A different side of the composer surfaces in Gamelan for Flute and Percussion (2013), Moss's affectionate take on the traditional Balinese orchestra and its associated sounds. Flutist Sarah Eckman McIver and percussionist Lee Hinkle perform the three-movement work, Hinkle more responsible for establishing the gamelan connection in his usage of mallets, gongs, and chimes. 5 Bagatelles for Percussion solo (2012) subsequently affords him a vehicle for exploring a broad range of rhythms (Balkan ones in “Bulgar,” for example) and percussion sonorities, from drums and gongs to marimba and vibraphone. The three-part De Profundis (2015) is fittingly played by the Khasma Piano Duo (Ashlee Mack and Katherine Palumbo), given that the work's title is Latin for the Greek Khasma (chasm).

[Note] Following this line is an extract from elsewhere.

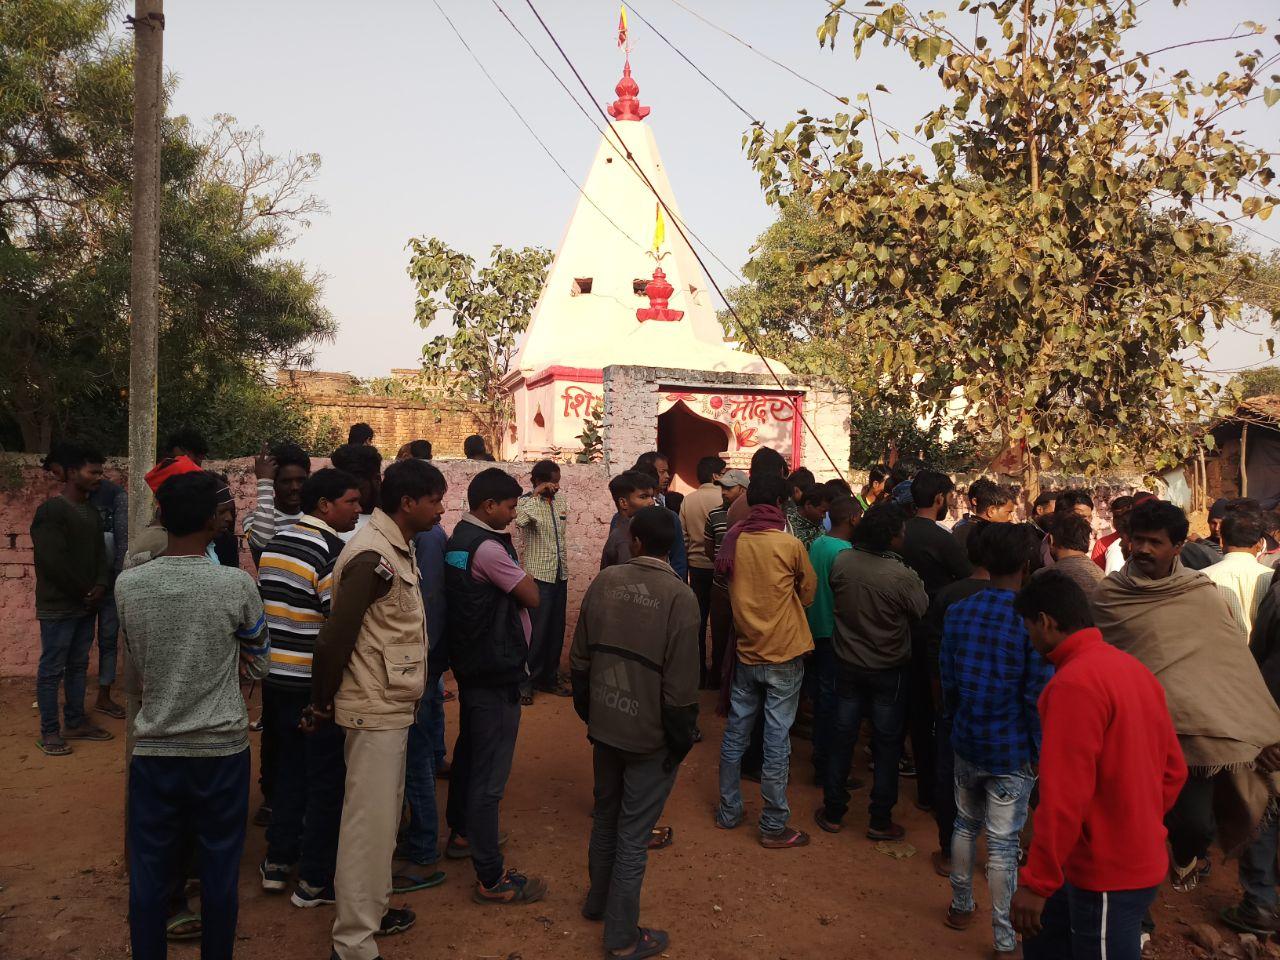 <p>रांची नगड़ी थाना क्षेत्र के देवरी गांव स्थित शिव मंदिर में बीती रात अज्ञात लोगों के द्वारा प्रतिबंधित मांस का टुकड़ा फेंका गया जिससे ग्रामीणों के बीच भारी आक्रोश है भारी संख्या में…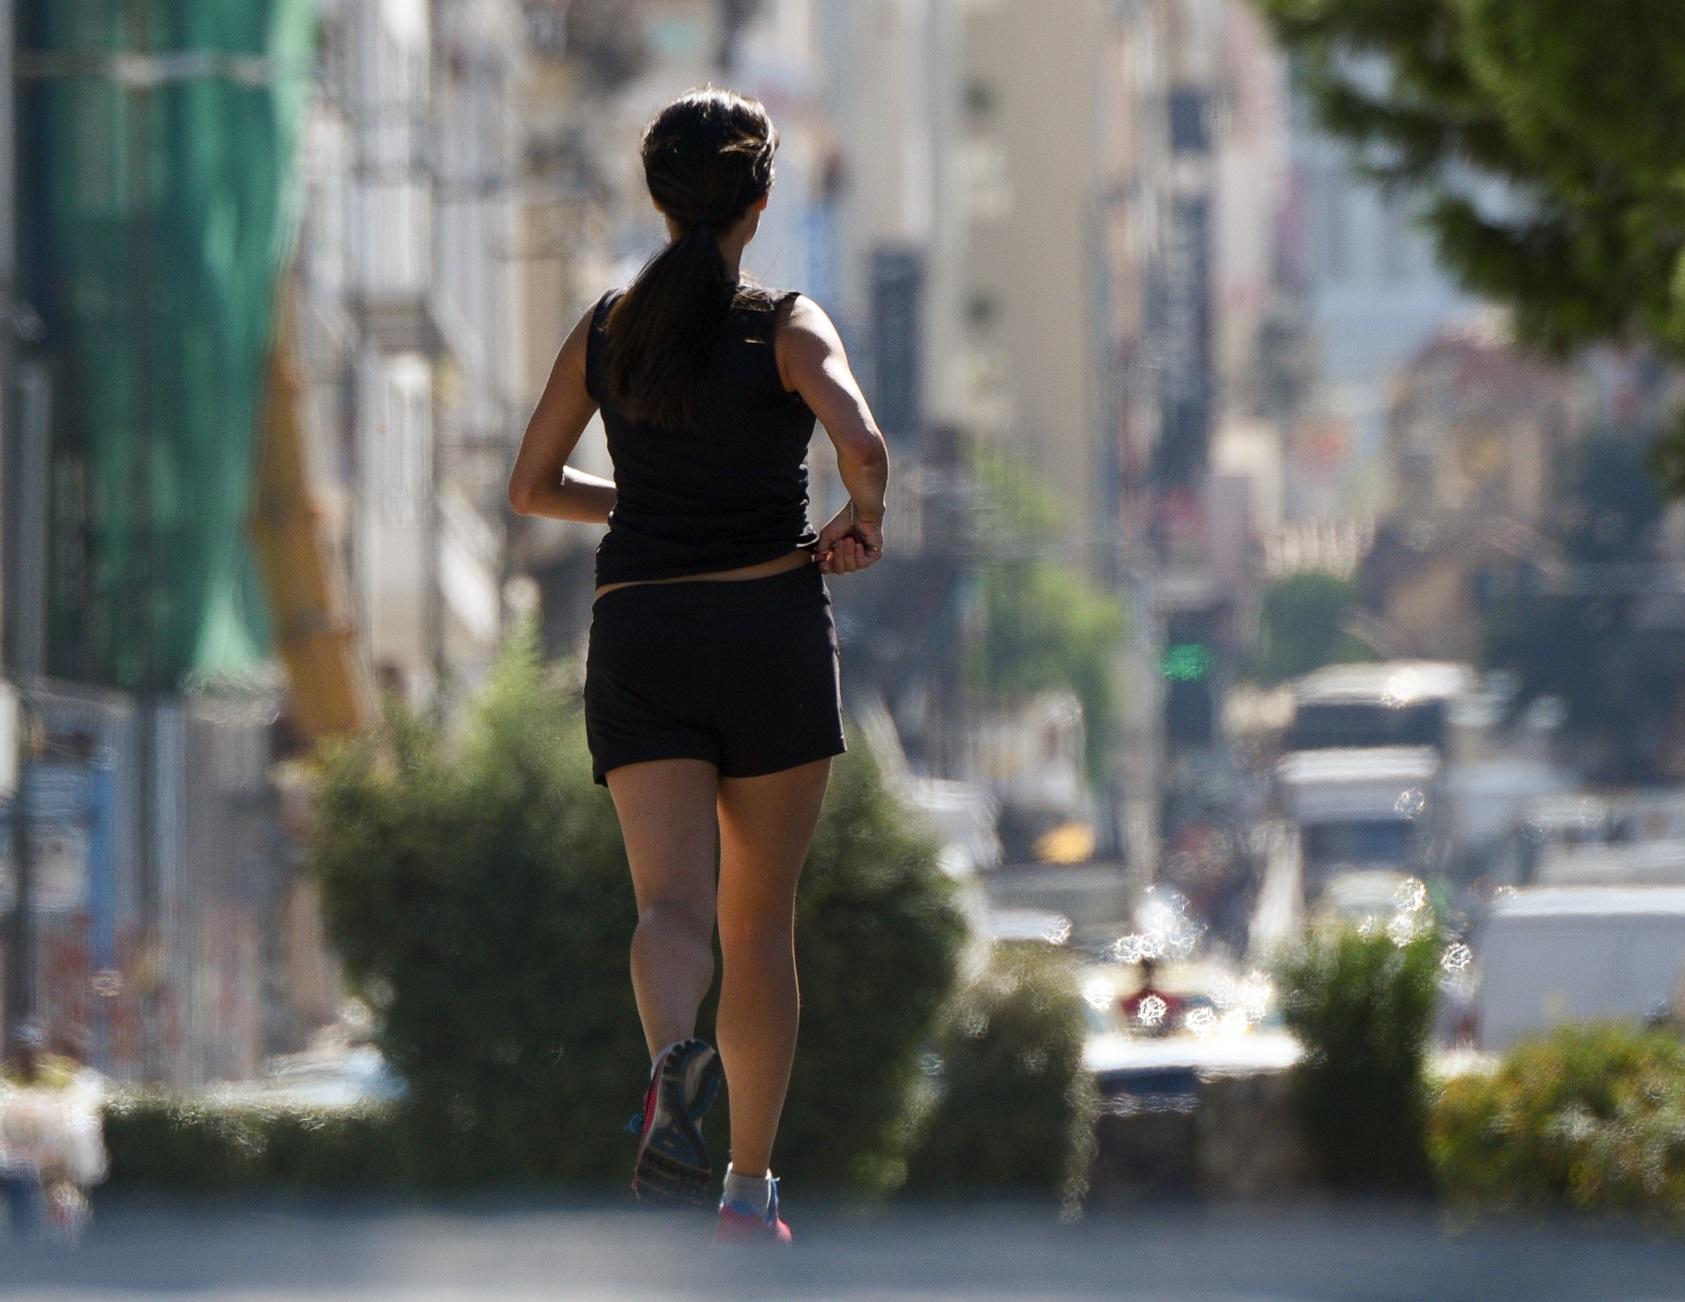 Θεσσαλονίκη: Εκβιασμός 22χρονης με προσωπικές φωτογραφίες και βίντεο! Ο δράστης στον εισαγγελέα

Much like the other multi-movement works on the recording, this one progresses through multiple moods, in this instance from “Solemn” and “Lament” to “Ringing.”

Moss himself draws for inspiration from Walt Whitman for 2018's Voyagers, a setting for chorus (The Composers' Choir, conducted by Daniel Shaw) and piano of two late poems (“Sail Out for Good,” “One Thought Ever at the Fore”) that deal with life's final destination (“Depart, depart from solid earth / No more returning to these shores”). Whitman's words also surface in 2014's Grand is the Seen, a short work for soprano, flute, and piano memorable for its performance by Metropolitan Opera singer Danielle Talamantes. Accompanied by flute, percussion, and piano, she also graces the three-movement Dreams by Day and Night (2014), based on poems by the Tang Dynasty's Li Bai that Moss translated himself from the original Chinese, and at album's close, she and Sarah Eckman McIver (on flute and piccolo) unite superbly for the suitably stripped-down Inside, Outside: 4 Haiku for Our Time (2016). Though the work ends on a rather unsettling note with “Inner turmoil ...” and its rather foreboding message (“Mankind's chaos / Heaven spinning / How will it end?”), New Dawn itself is anything but bleak. On the contrary, its cumulative tone is celebratory, not just in the way it presents a broad overview of Moss's work but also in the way it showcases the exceptional creative vitality of a ninety-one-year-old composer.